• _Problem details_
The response should contain all of the data below, reproduced exactly, and no pictures.

• _Information shown_

########################################

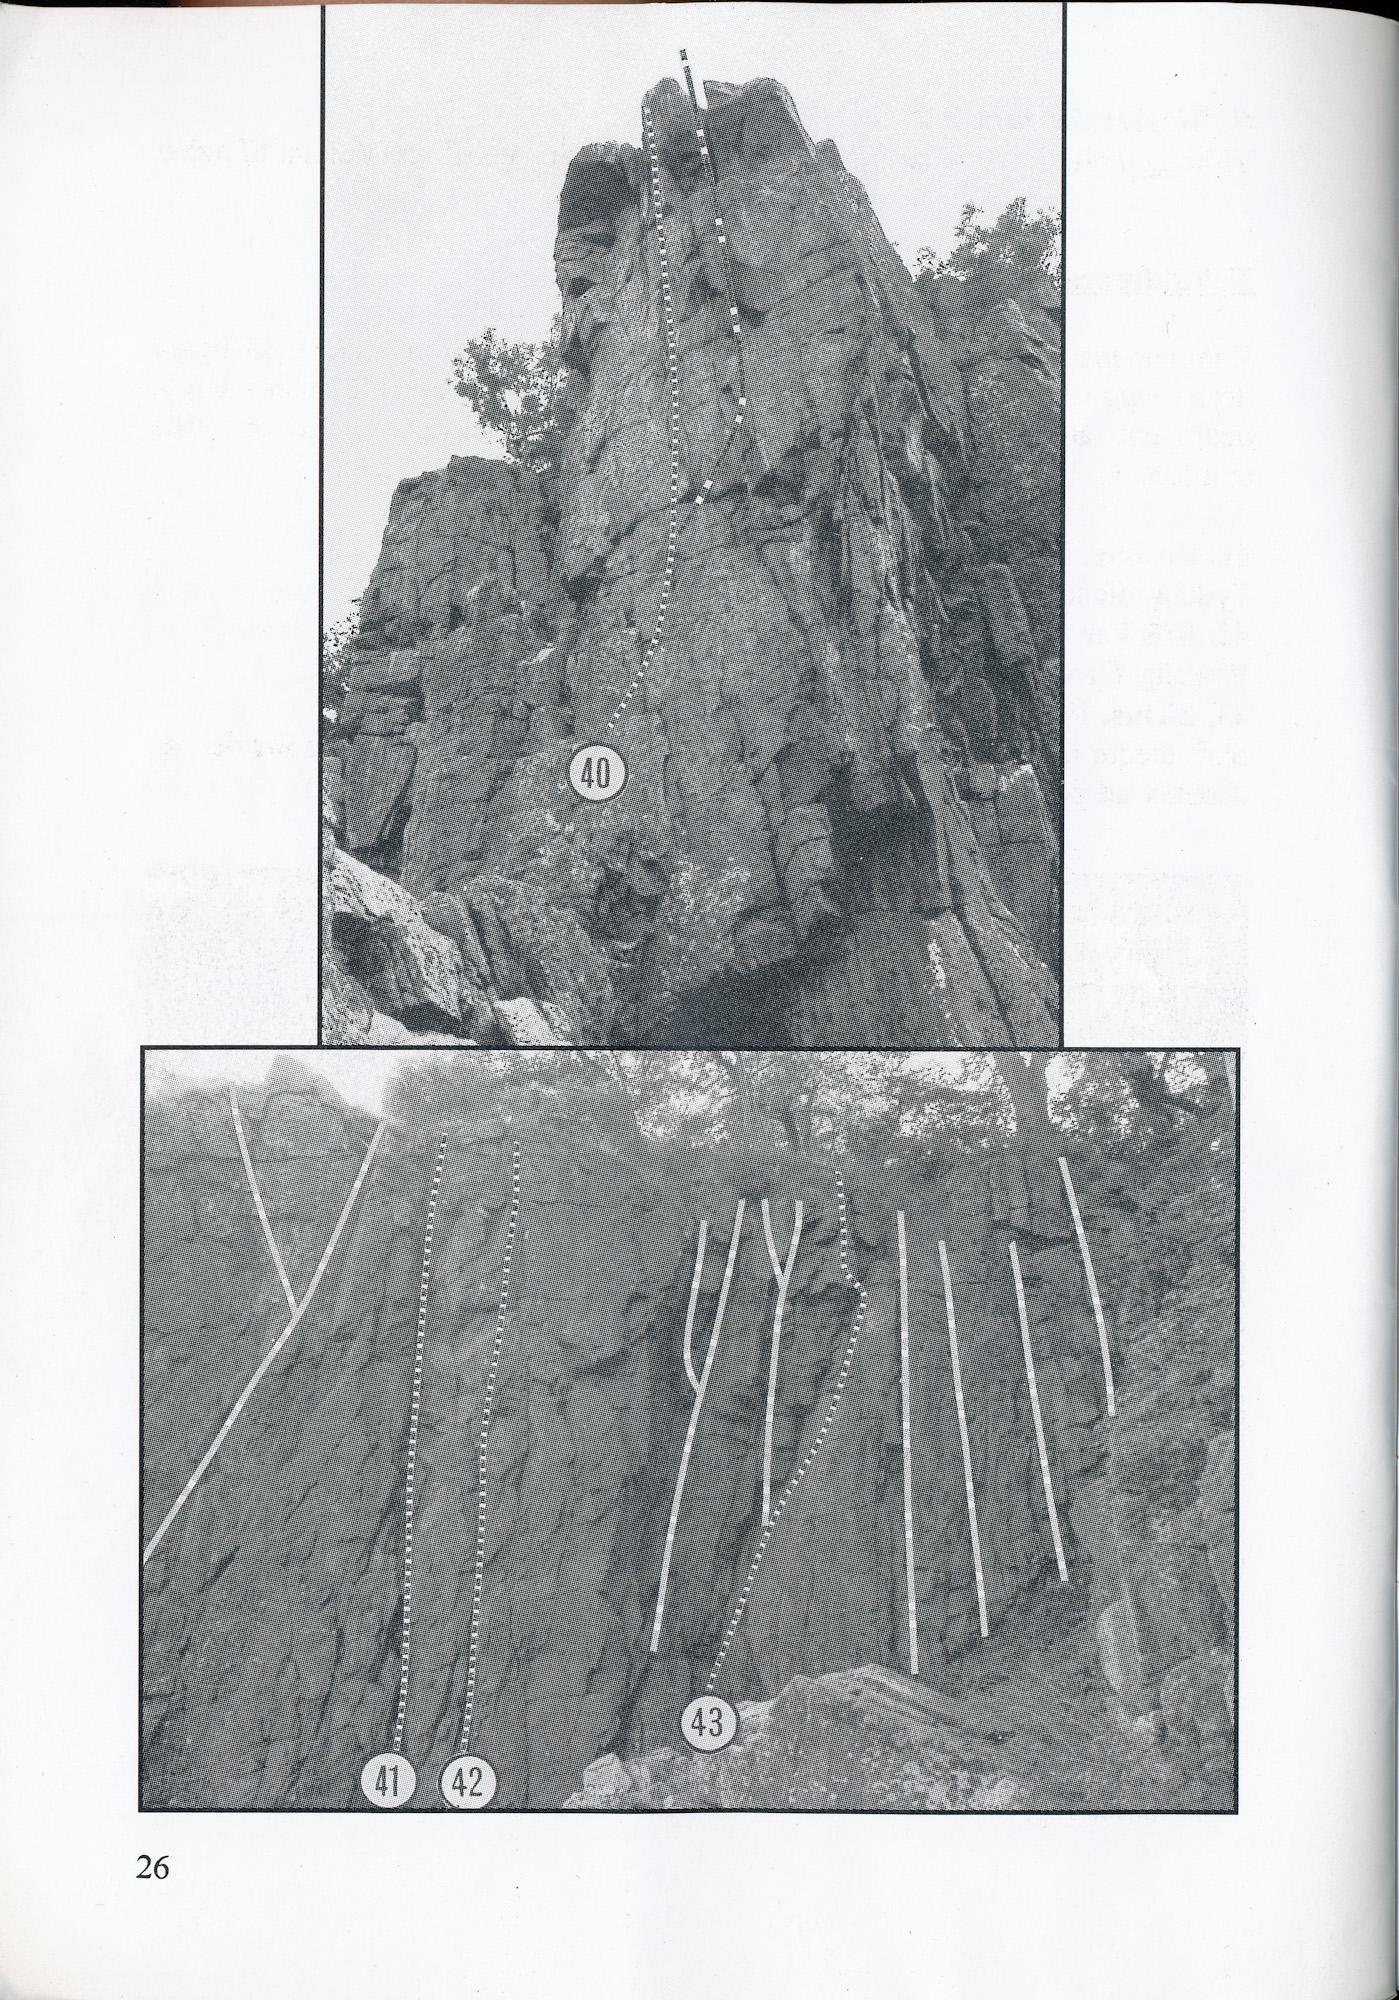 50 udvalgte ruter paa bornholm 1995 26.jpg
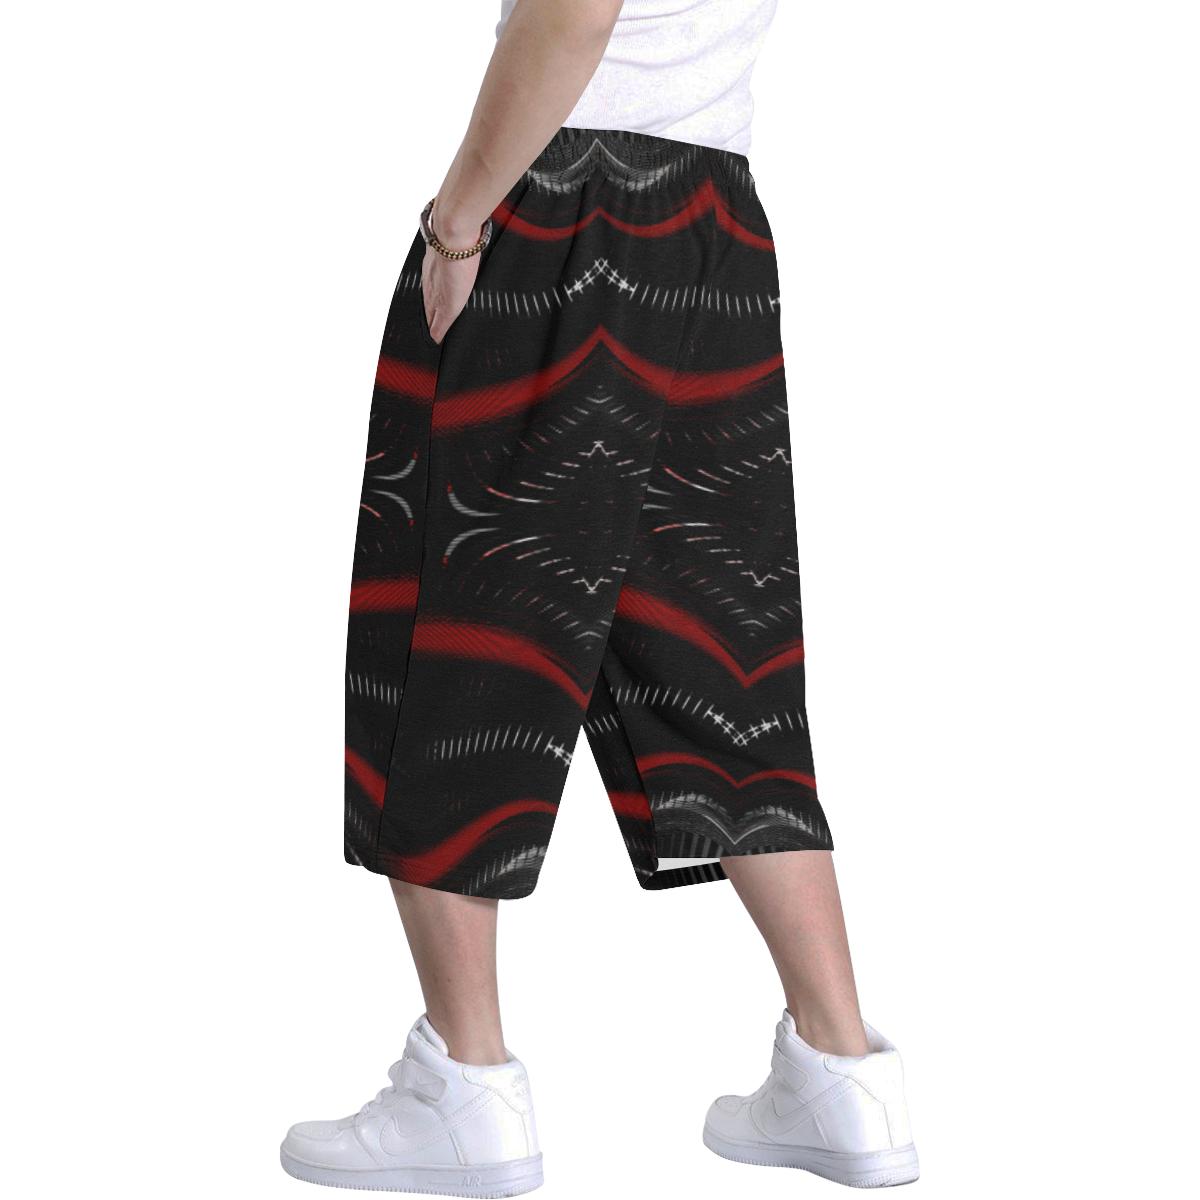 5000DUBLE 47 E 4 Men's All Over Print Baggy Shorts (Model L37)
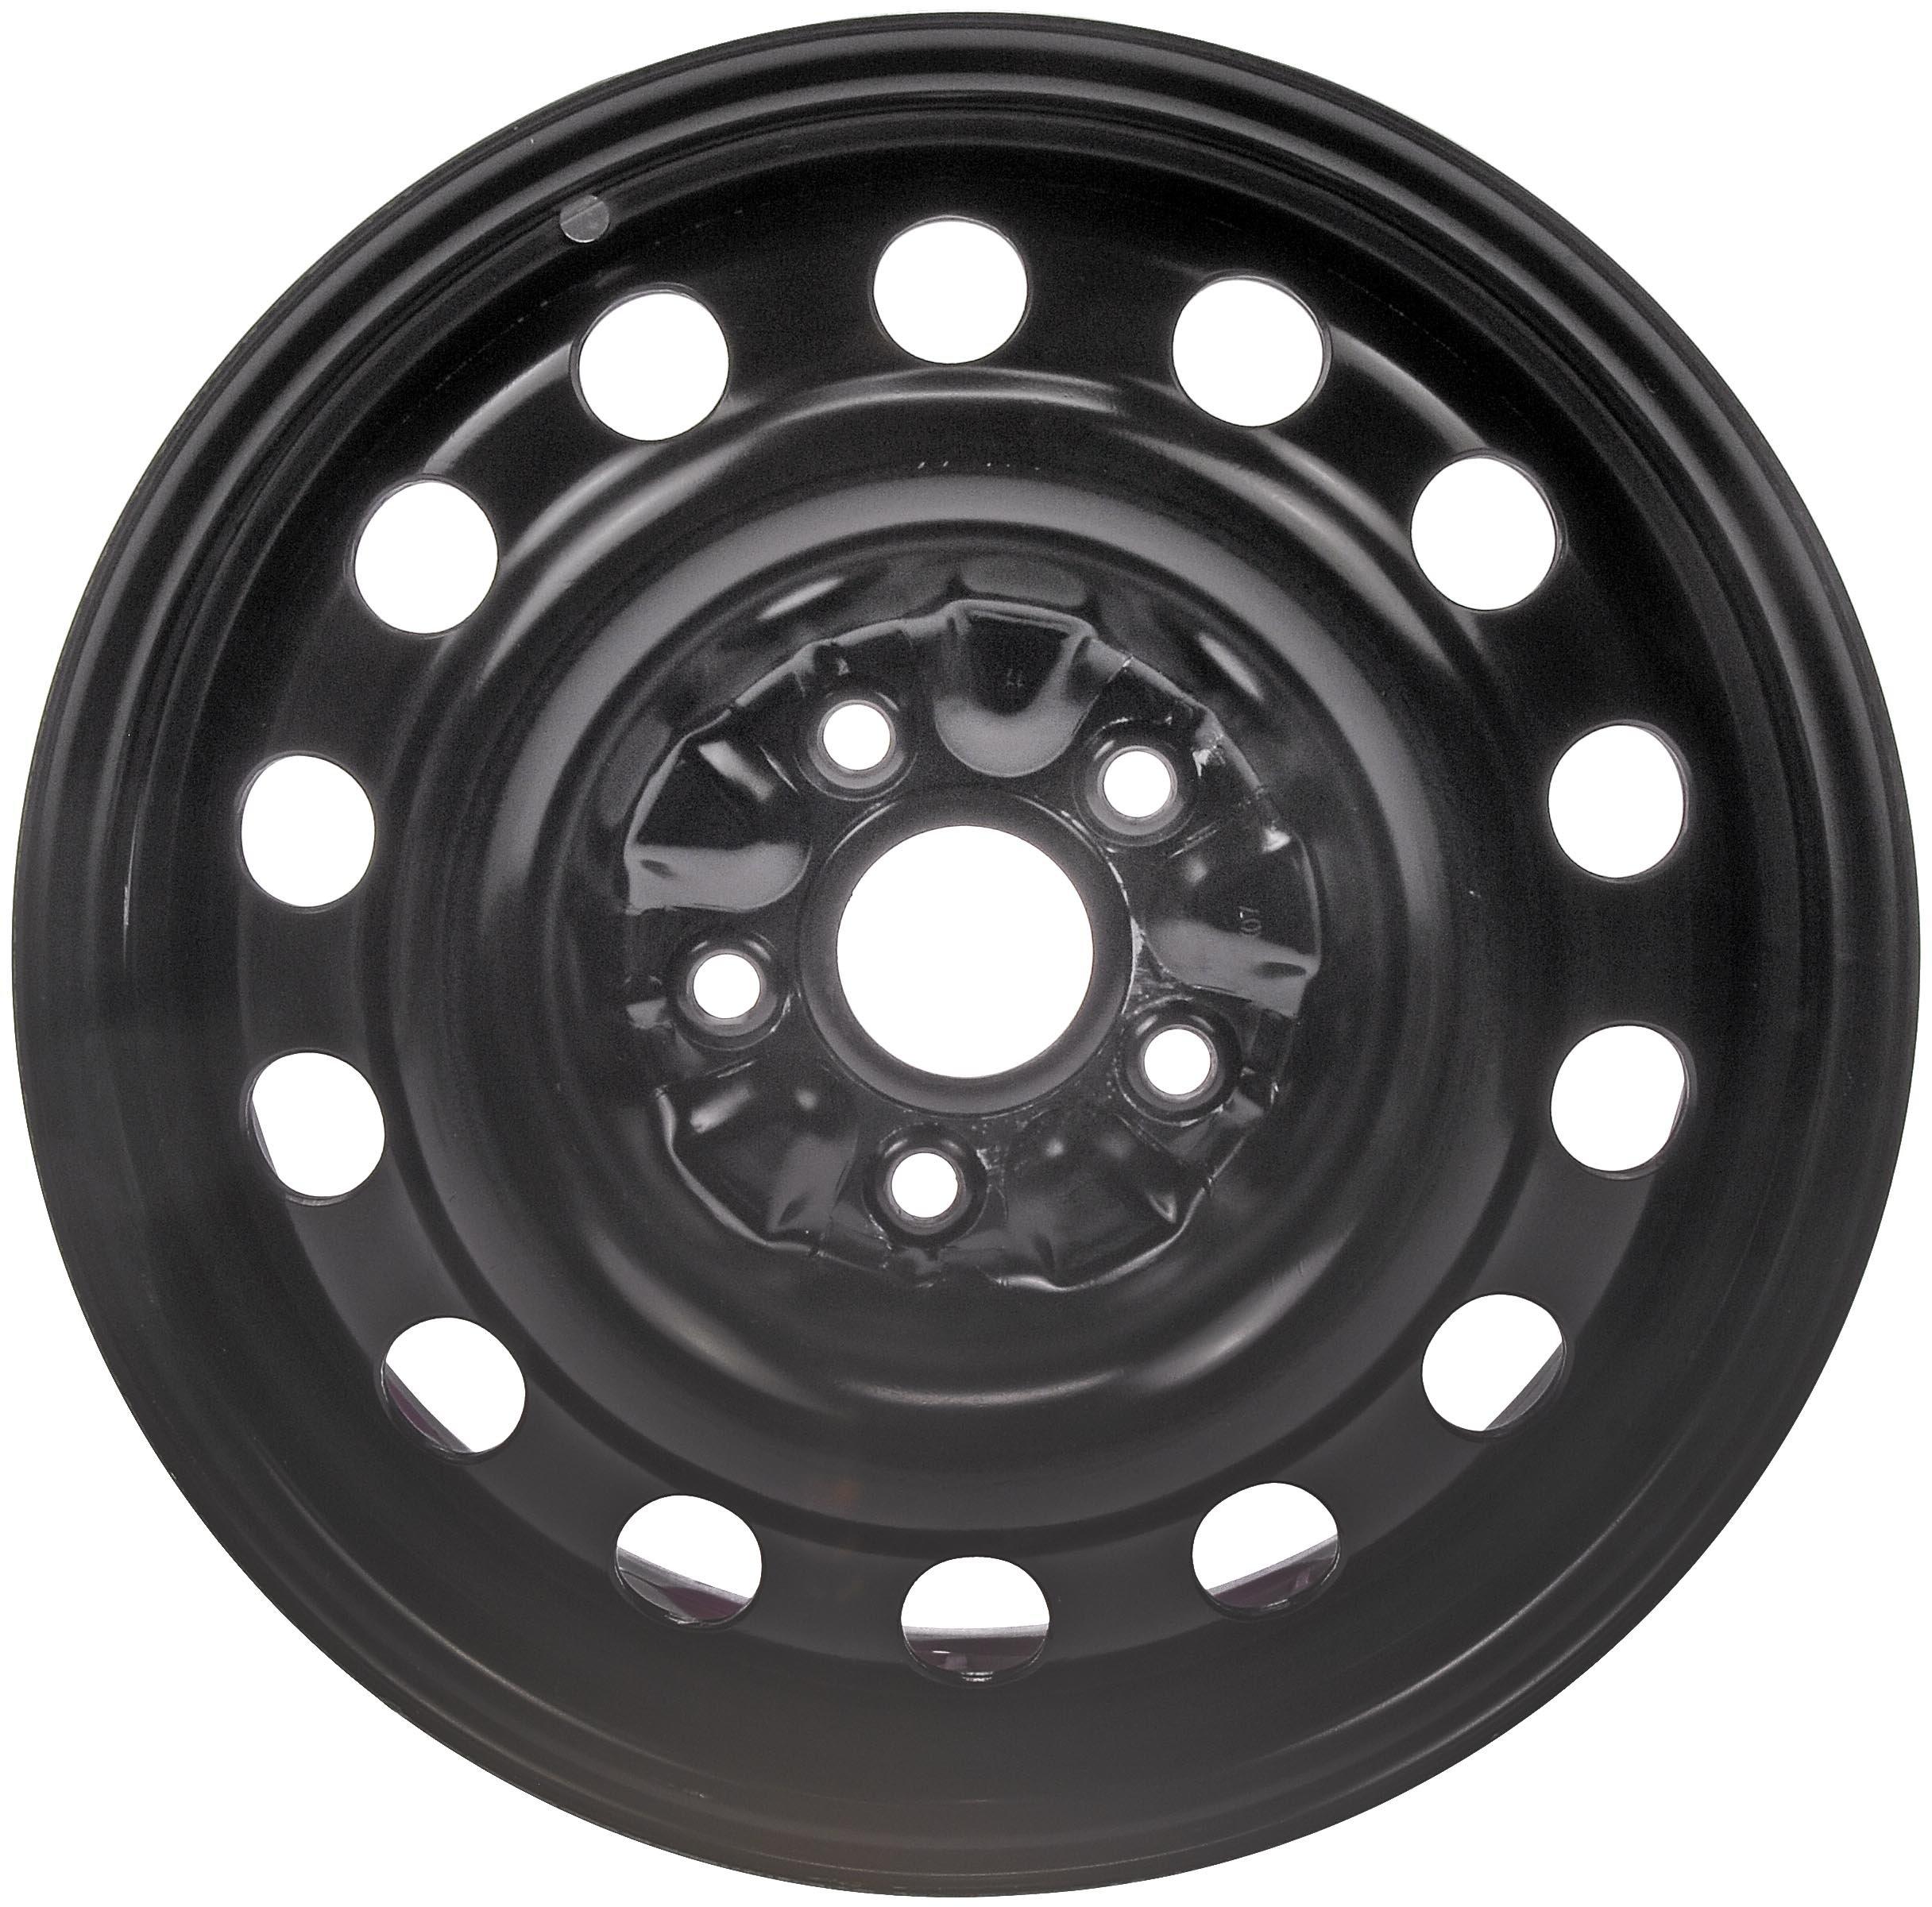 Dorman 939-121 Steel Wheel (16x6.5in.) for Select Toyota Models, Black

########################################

• _Finished task_
 50 udvalgte ruter paa bornholm 1995 26.jpg
 5000DUBLE 47 E 4 Men's All Over Print Baggy Shorts (Model L37)
 Dorman 939-121 Steel Wheel (16x6.5in.) for Select Toyota Models, Black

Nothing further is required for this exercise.